Aim of the task
Retype the whole listing below exactly, keeping every picture out of it.

Recorded data

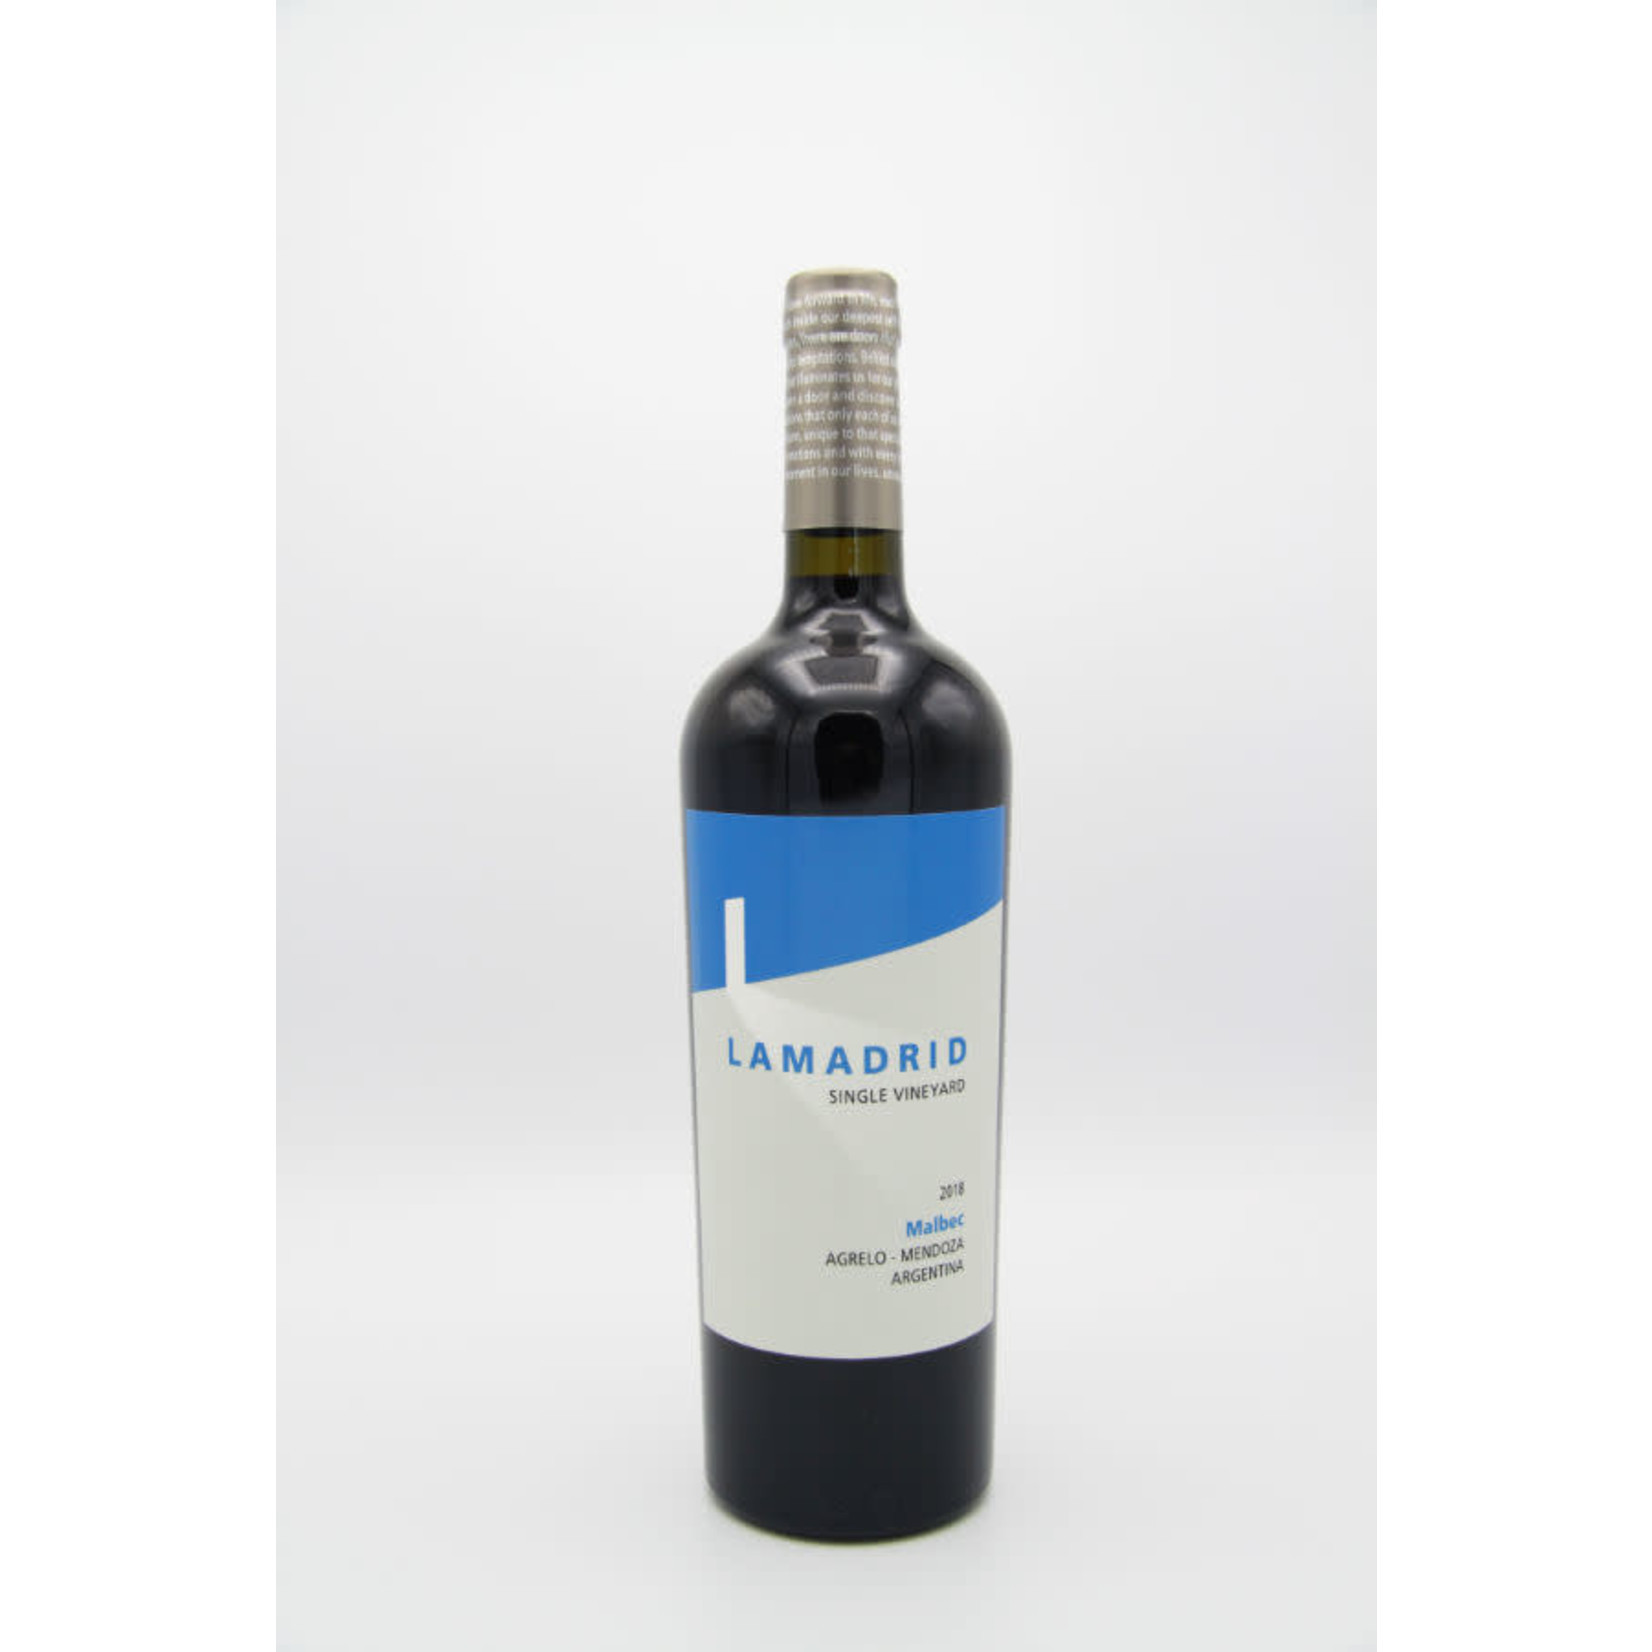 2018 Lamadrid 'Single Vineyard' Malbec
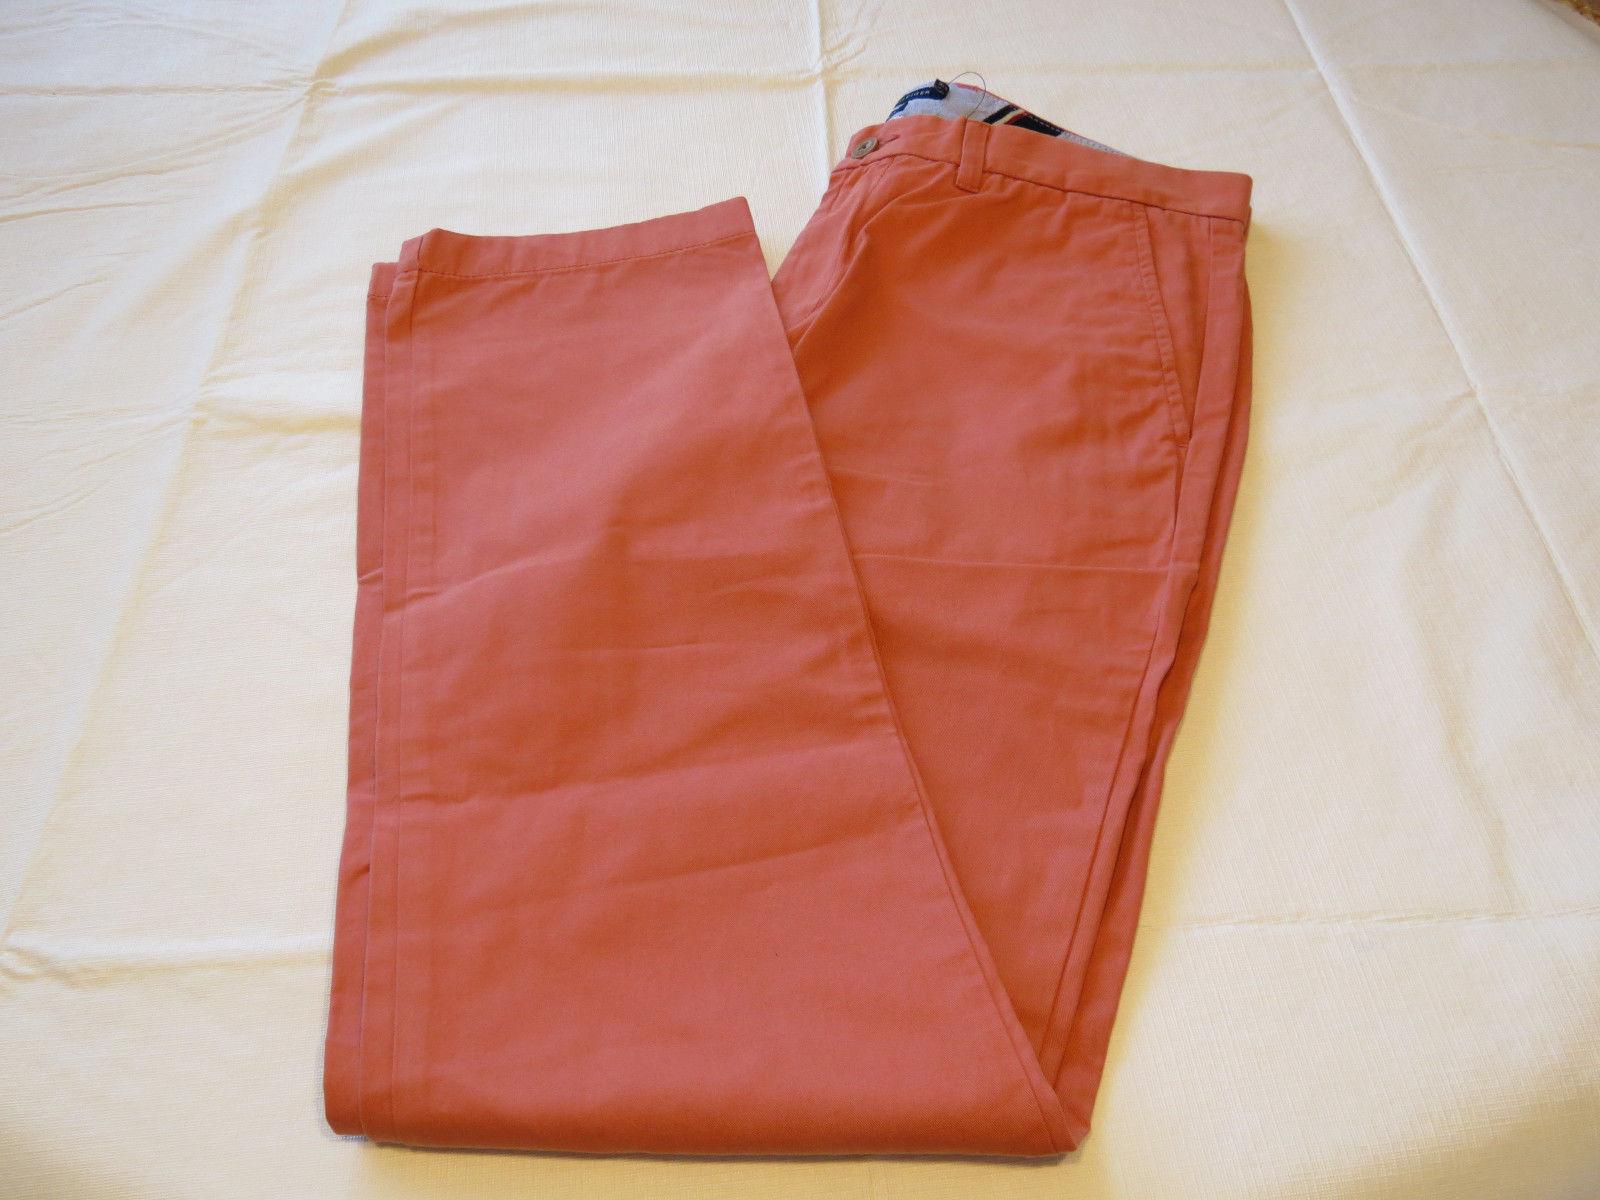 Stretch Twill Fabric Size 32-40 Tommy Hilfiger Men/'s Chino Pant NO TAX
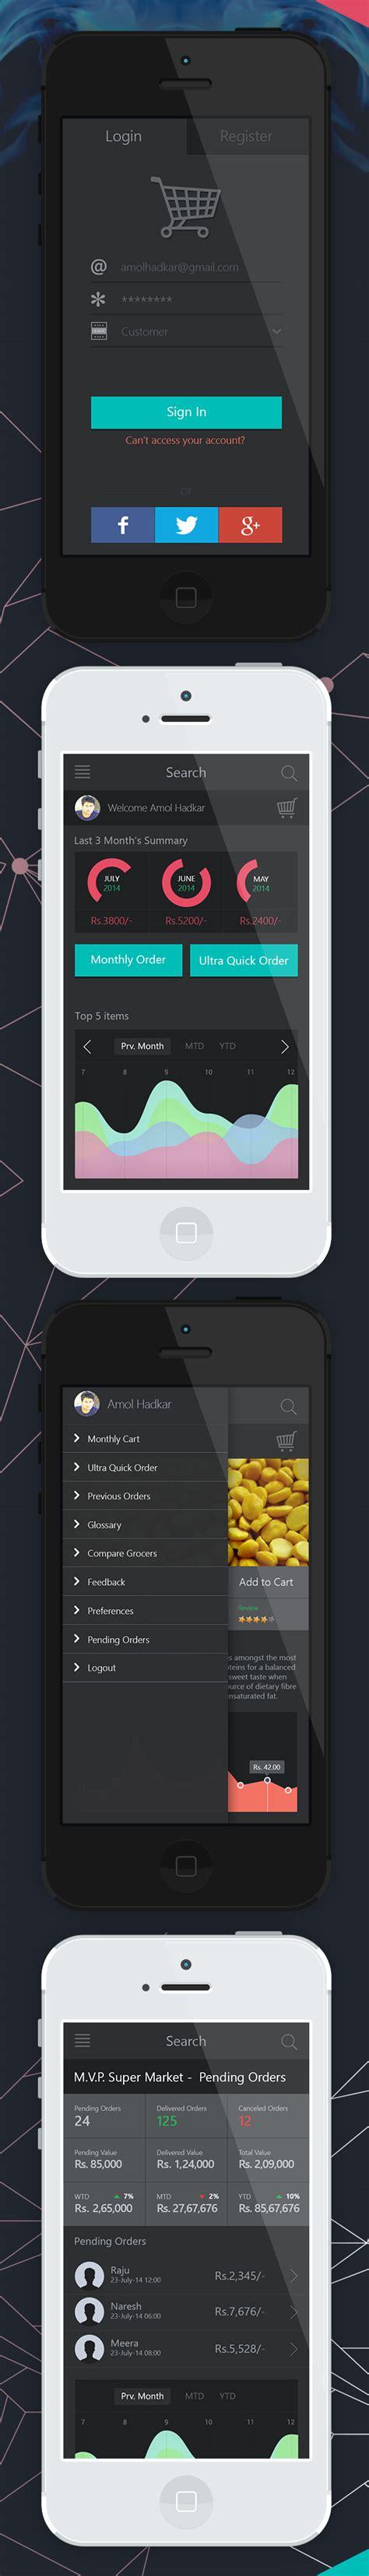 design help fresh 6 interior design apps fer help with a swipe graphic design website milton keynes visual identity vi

Solution to this task
 2018 Lamadrid 'Single Vineyard' Malbec
 Stretch Twill Fabric Size 32-40 Tommy Hilfiger Men/'s Chino Pant NO TAX
 design help fresh 6 interior design apps fer help with a swipe graphic design website milton keynes visual identity vi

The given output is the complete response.